1.1. Understanding Big Data
Big Data is an emerging field where innovative technology offers alternatives to resolve the inherent problems that appear when working with huge amounts of data, providing new ways to reuse and extract value from information. The ability to effectively manage information and extract knowledge is now seen as a key competitive advantage, and many companies are building their core business on their ability to collect and analyse their information to extract business knowledge and insight. As a result Big Data technology adoption within industrial domains is not a luxury but an imperative need for most organizations to gain competitive advantage. The main dimensions of Big Data are typically characterized by the 3 Vs, volume (amount of data), velocity (speed of data), and variety (range of data types and sources). The V’s of big data challenge the fundamentals of our understand of existing technical approaches and require new forms of data processing enabling enhanced decision making, insight discovery and process optimization. Volume – places scalability at the centre of all processing. Large-scale reasoning, semantic processing, data mining, machine learning and information extraction are required. Velocity – this challenge has resulted in the emergence of the areas of stream data processing, stream reasoning and stream data mining to cope with high volumes of incoming raw data. Variety – may take the form of differing syntactic formats (e.g. spreadsheet vs. CSV) or differing data schemas or differing meanings attached to the same syntactic forms.

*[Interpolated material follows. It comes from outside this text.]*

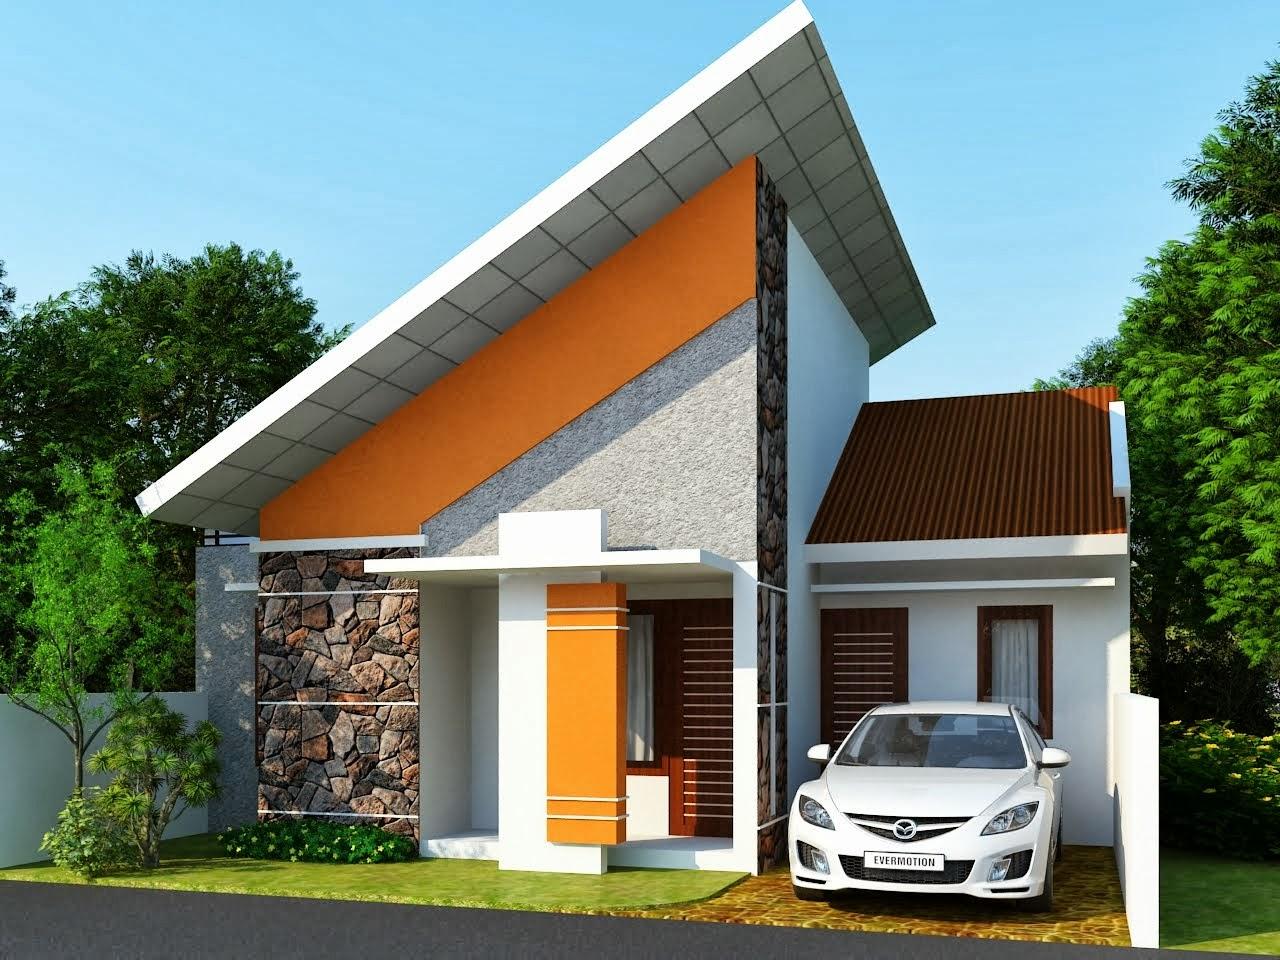 Contoh Desain Rumah Mungil Minimalis Gambar Desain Rumah Minimalis
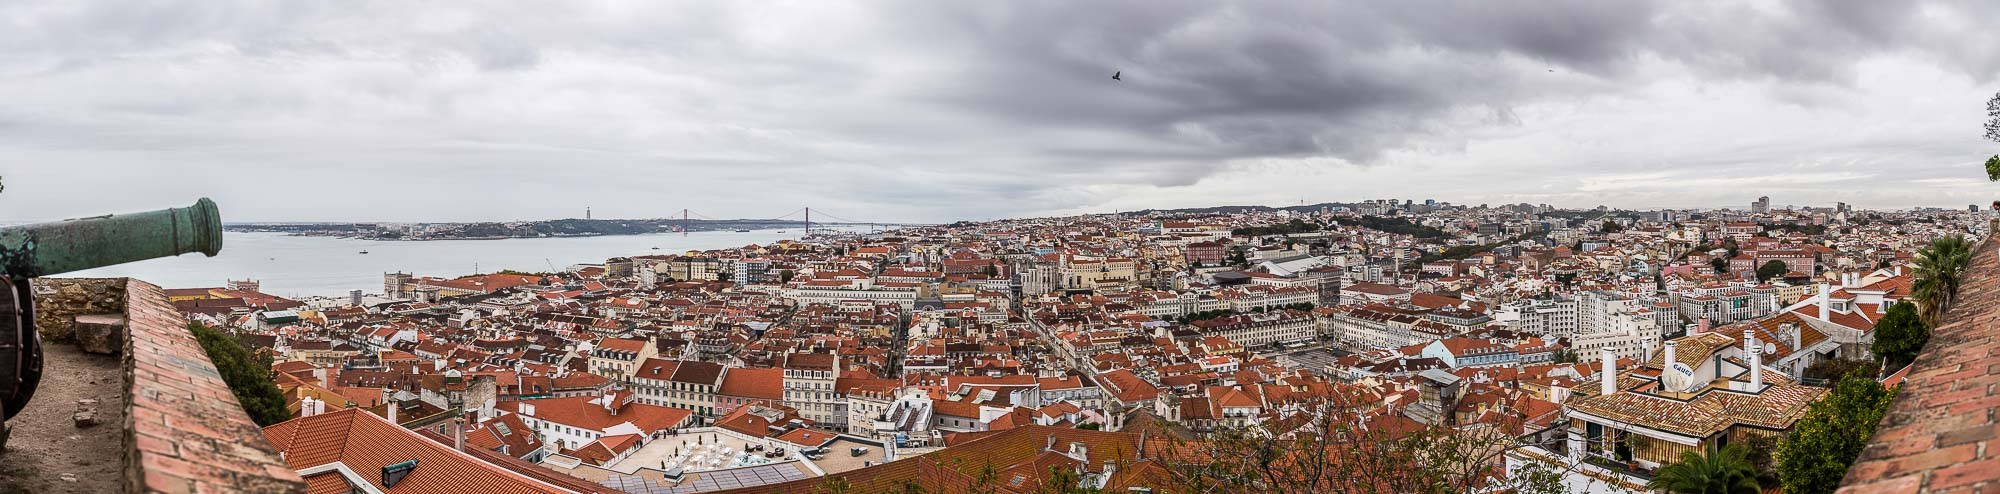 PORTUGAL-2012-jusmedic-#155-Pano

1.2. The Big Data Value Chain
Value chains have been used as a decision support tool to model the chain of activities that an organisation performs in order to deliver a valuable product or service to the market. The value chain categorizes the generic value-adding activities of an organization allowing them to be understood and optimised. A value chain is made up of series of subsystems each with inputs, a transformation processes, and outputs. As an analytical tool, the value chain can be applied to the information systems to understand the value-creation of data technologies.
Figure 1-1 The Data Value Chain
The Data Value Chain, as illustrated in Figure 1, models the high-level activities that comprise an information system. The data value chain identifies the following activities: Data Acquisition is the process of gathering, filtering and cleaning data before it is put in a data warehouse or any other storage solution on which data analysis can be carried out.